## AIM OF THE TASK
Nothing but an exact repeat of the data, with pictures removed, belongs in the answer.

## RAW DATA
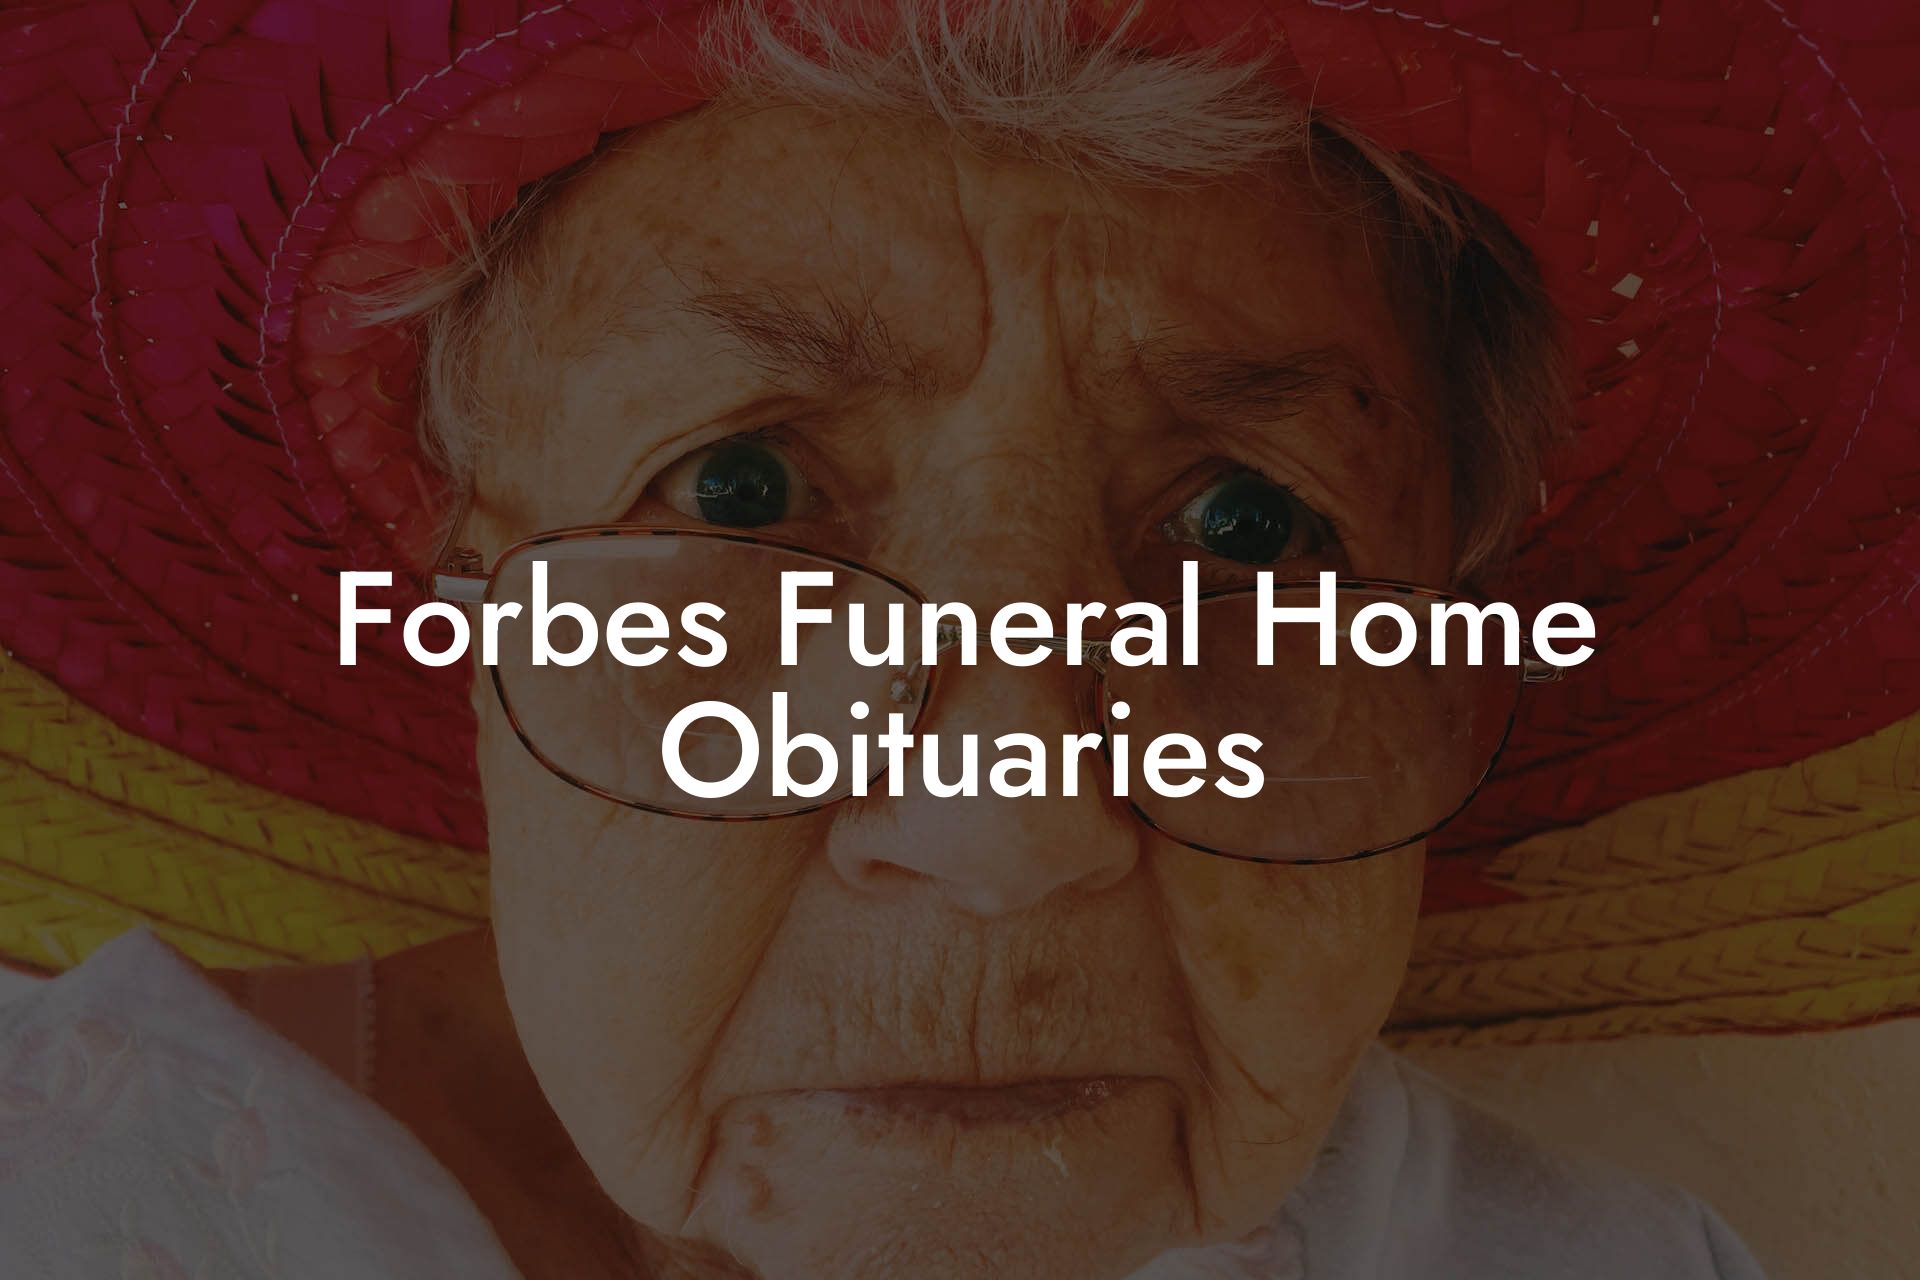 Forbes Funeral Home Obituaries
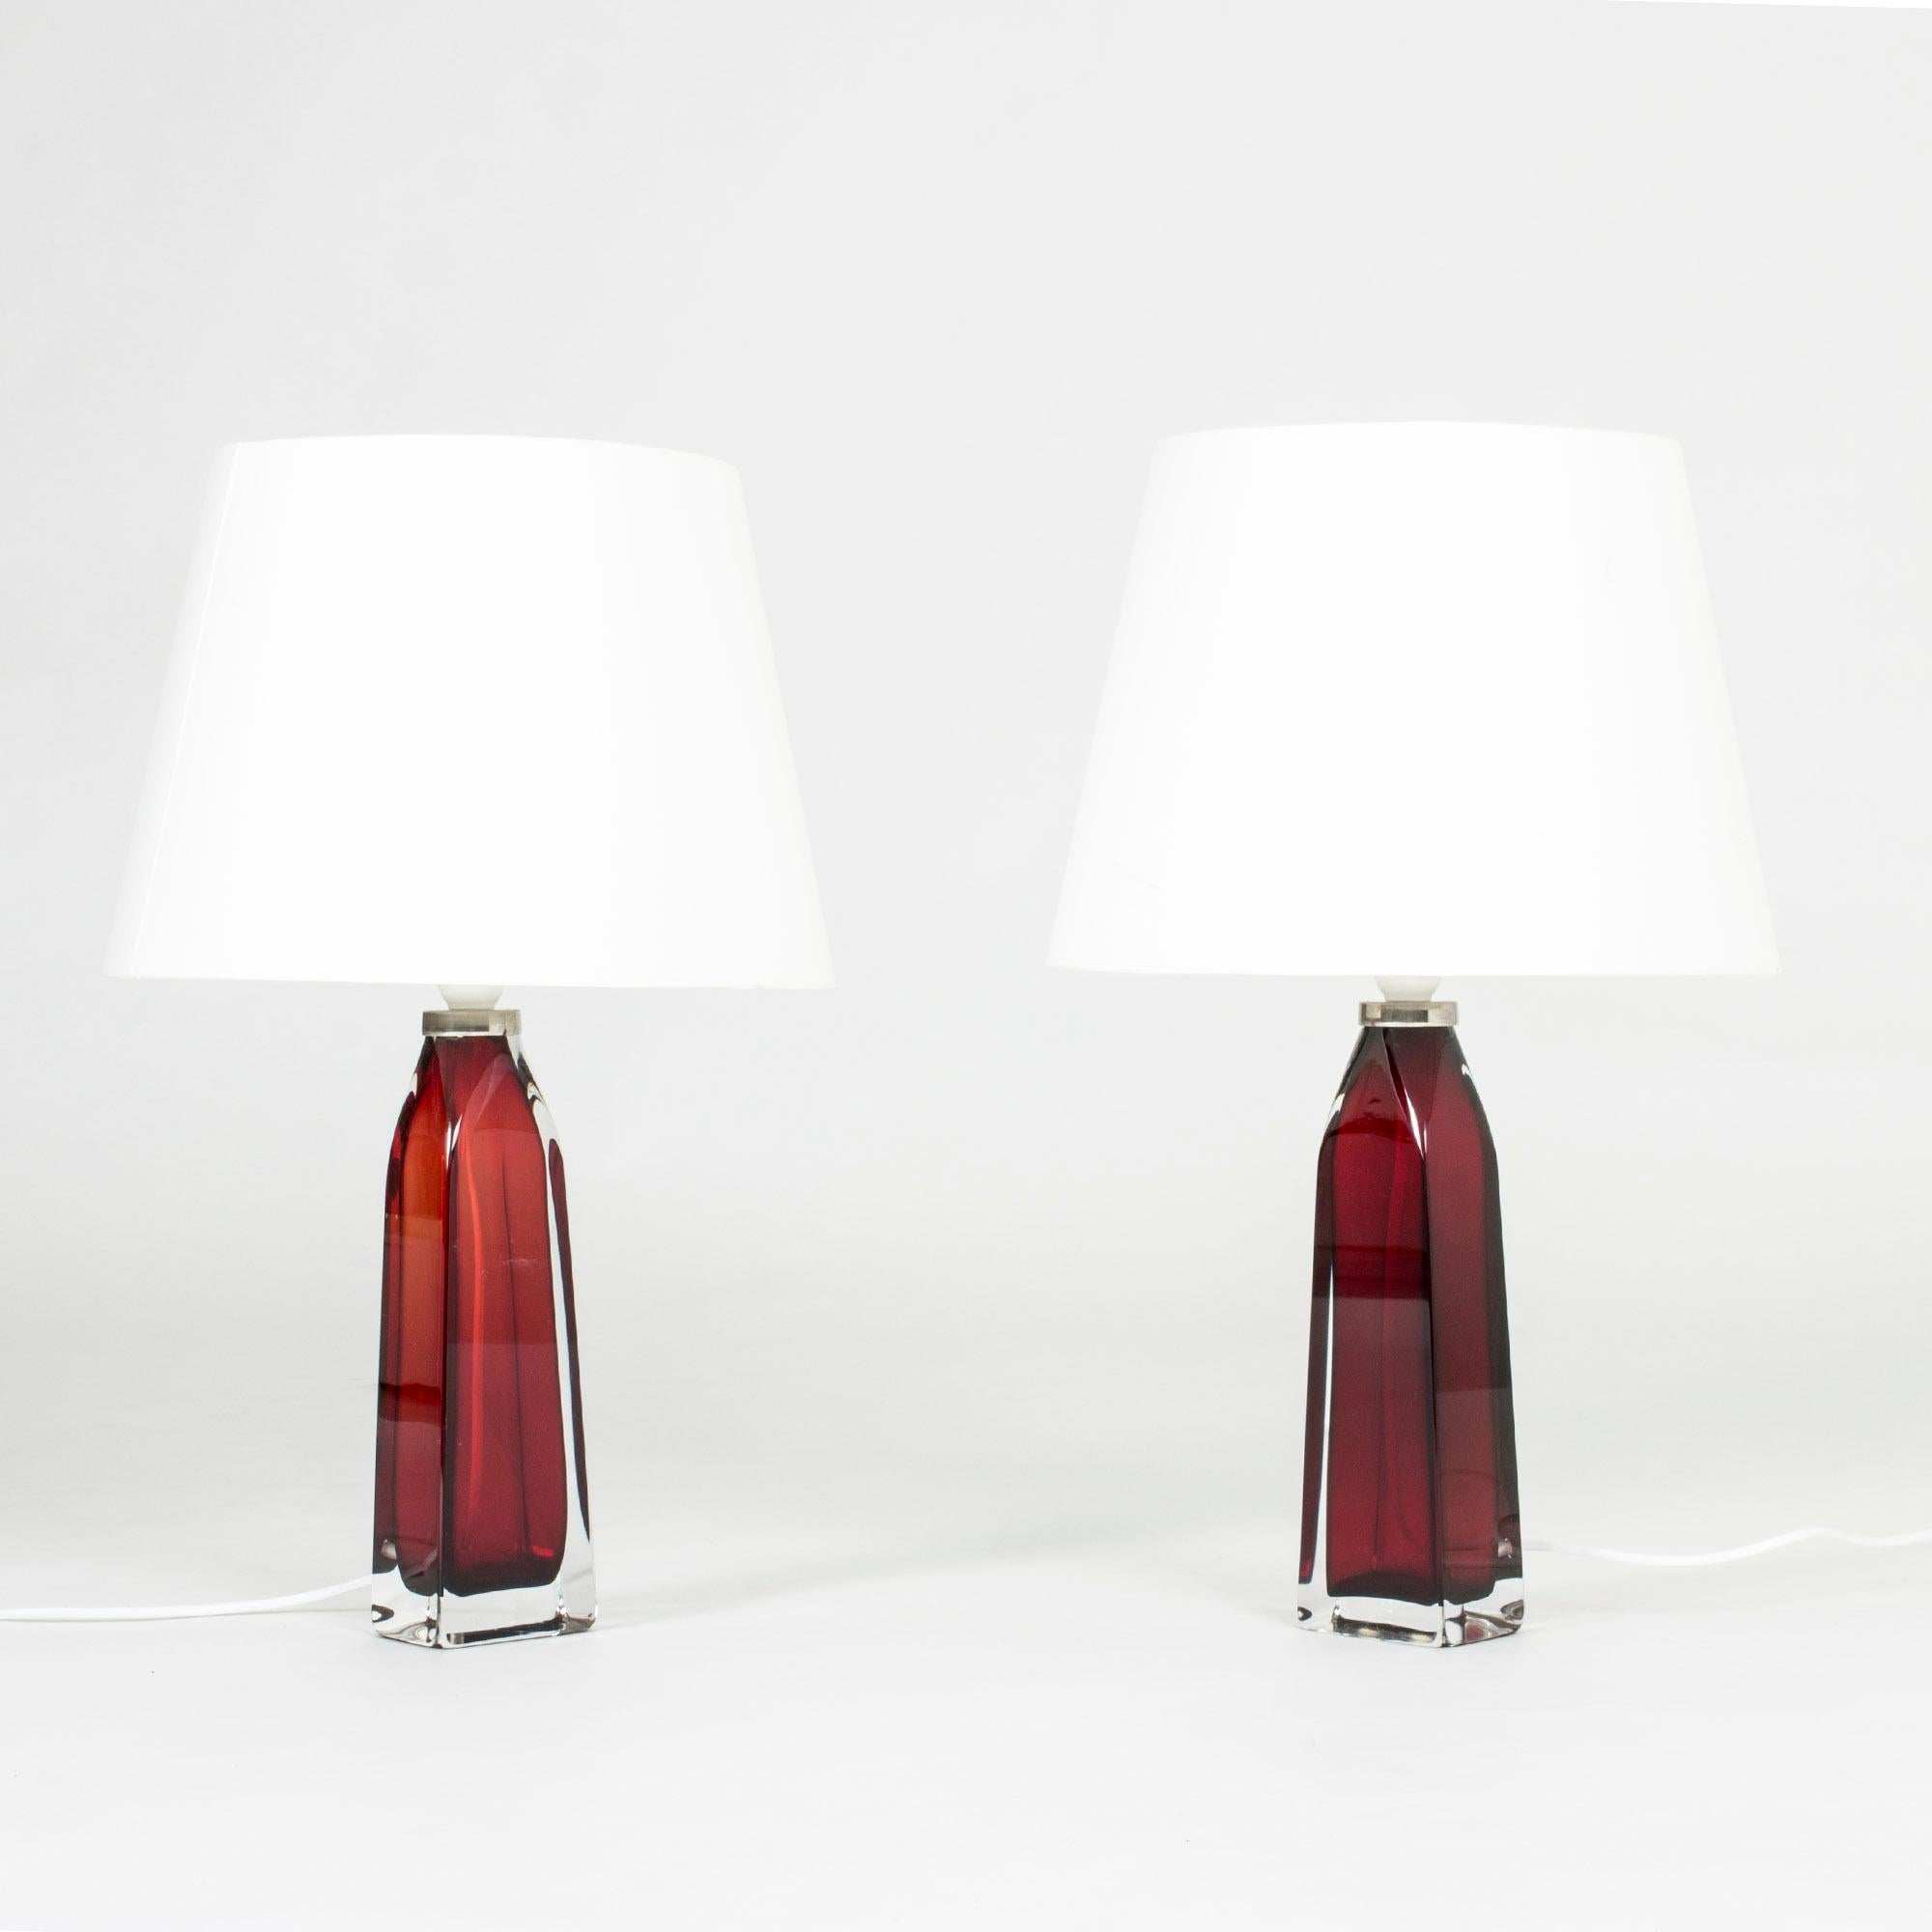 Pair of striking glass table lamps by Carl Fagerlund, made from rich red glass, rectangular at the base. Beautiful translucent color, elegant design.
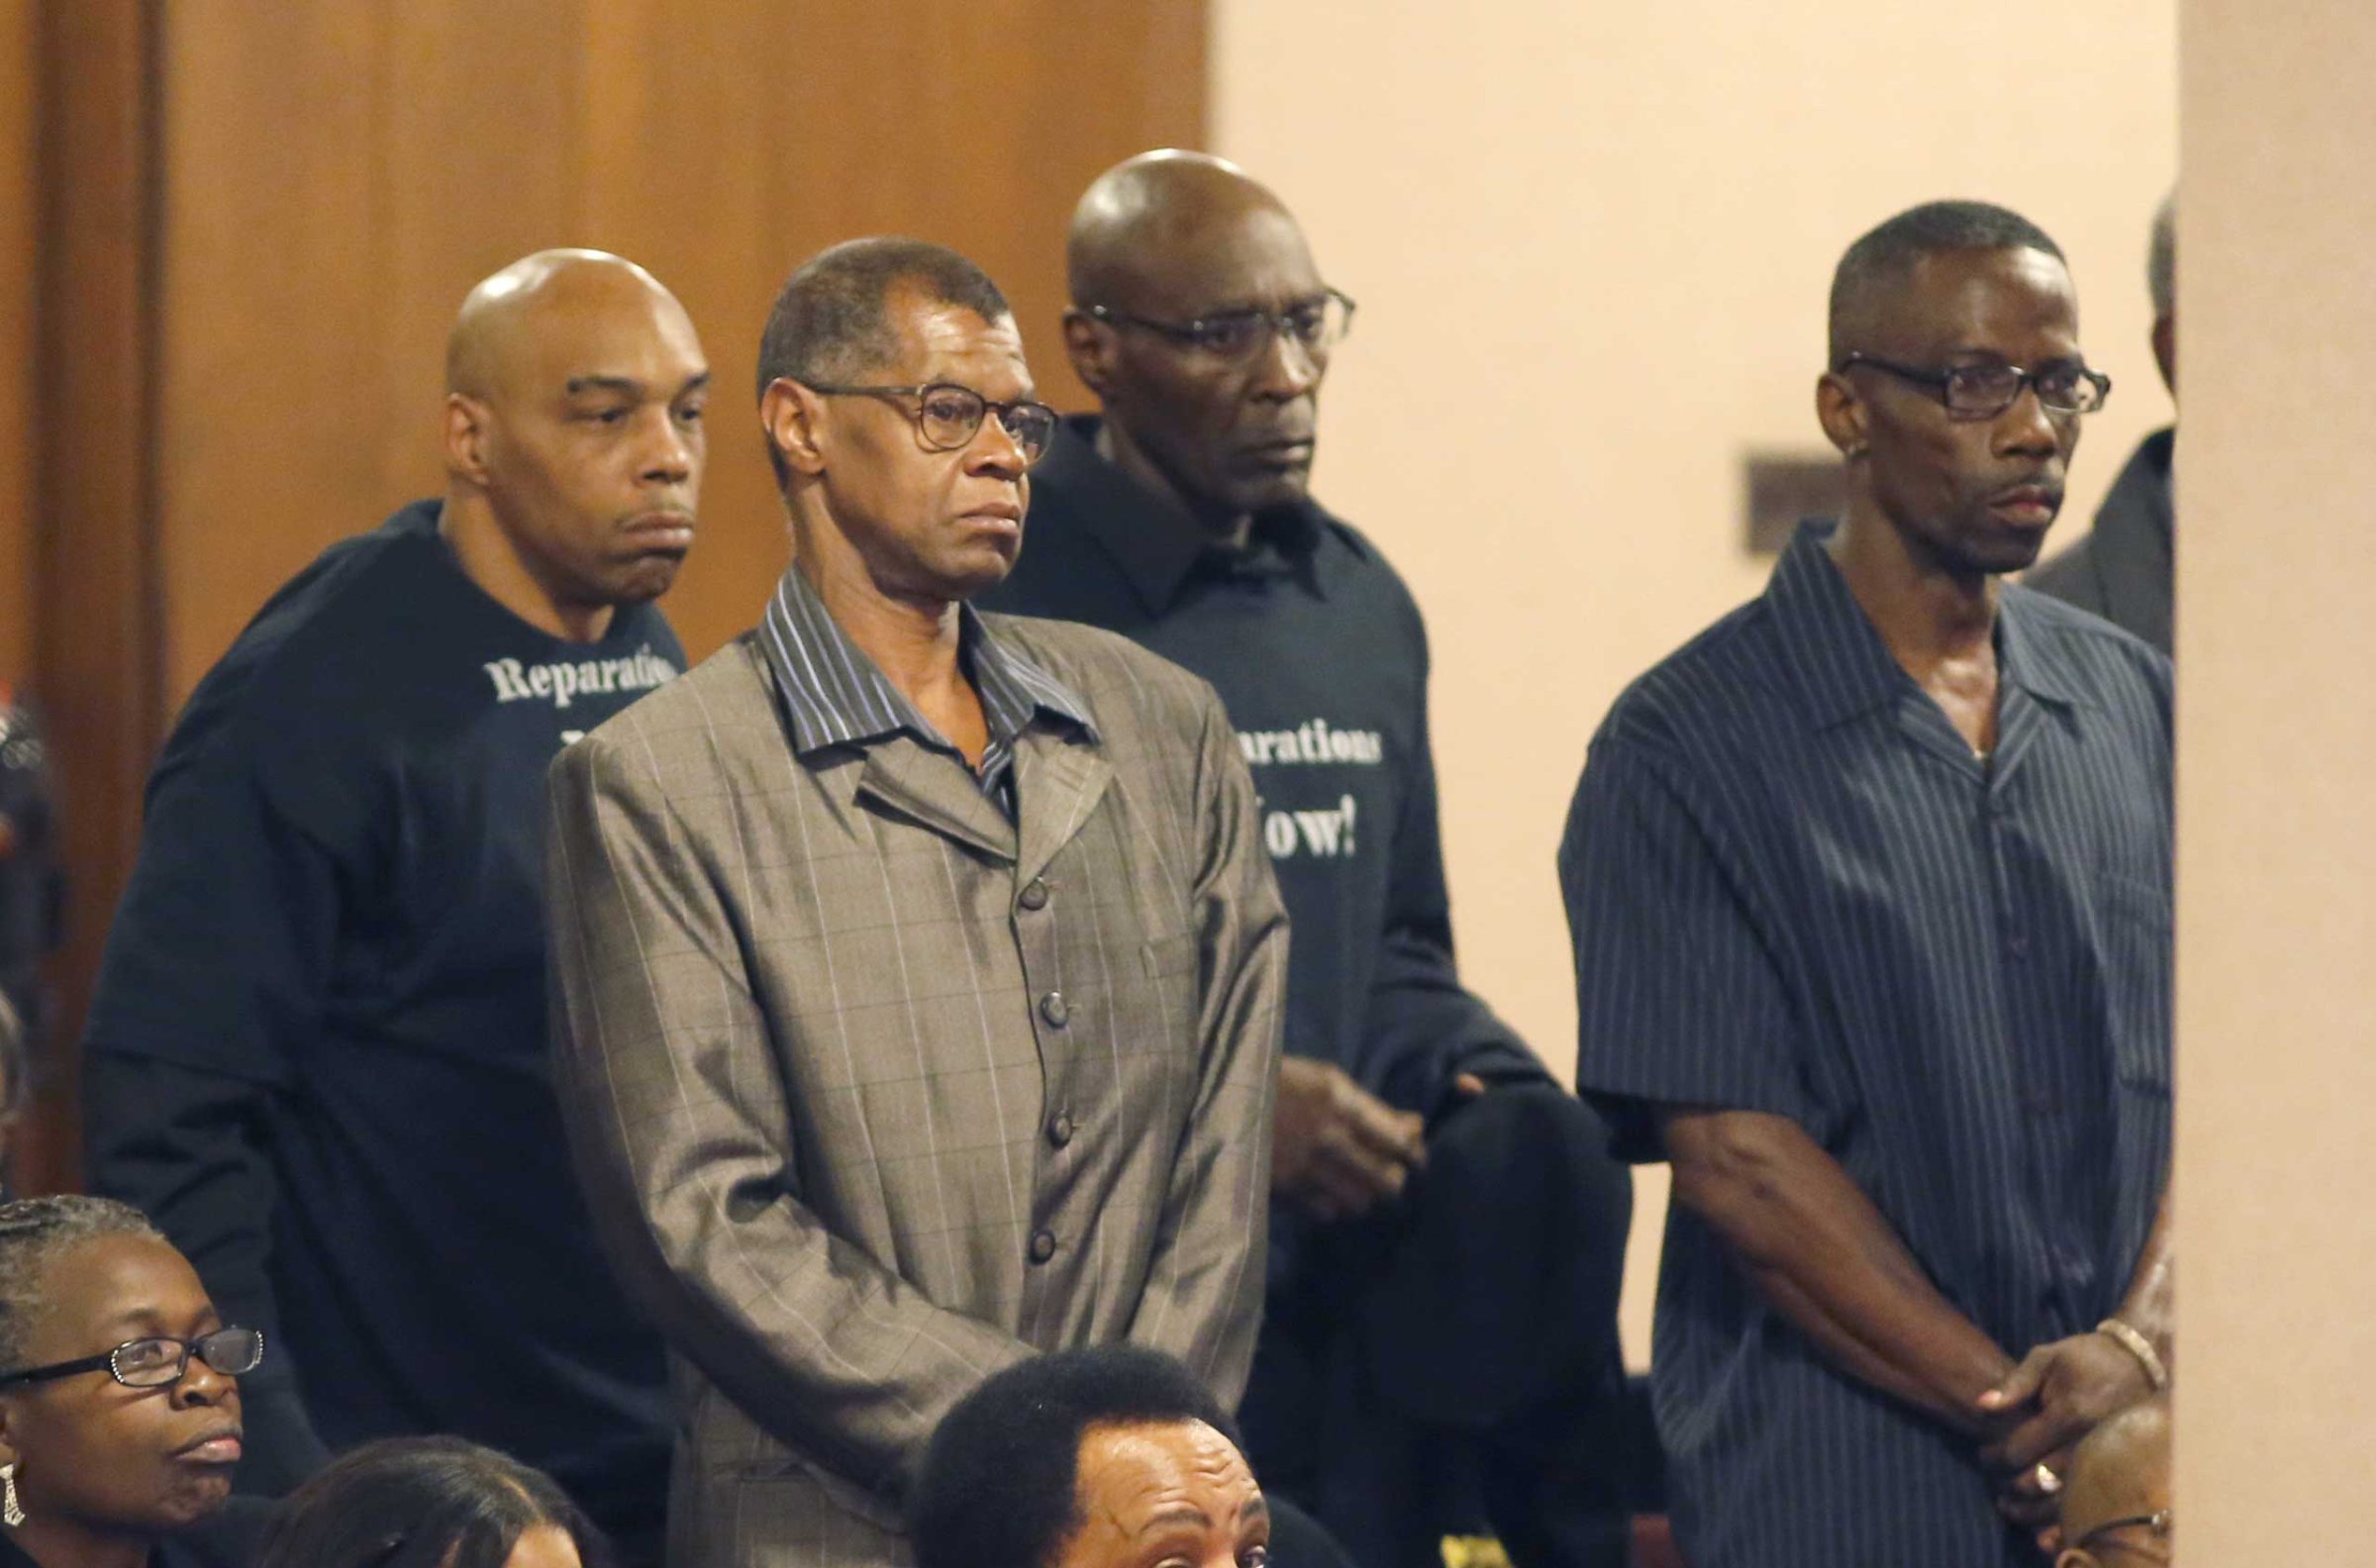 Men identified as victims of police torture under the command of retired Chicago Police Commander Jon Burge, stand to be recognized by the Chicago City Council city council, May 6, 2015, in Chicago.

## YOUR SOLUTION
 Forbes Funeral Home Obituaries
 Pair of striking glass table lamps by Carl Fagerlund, made from rich red glass, rectangular at the base. Beautiful translucent color, elegant design.
 Men identified as victims of police torture under the command of retired Chicago Police Commander Jon Burge, stand to be recognized by the Chicago City Council city council, May 6, 2015, in Chicago.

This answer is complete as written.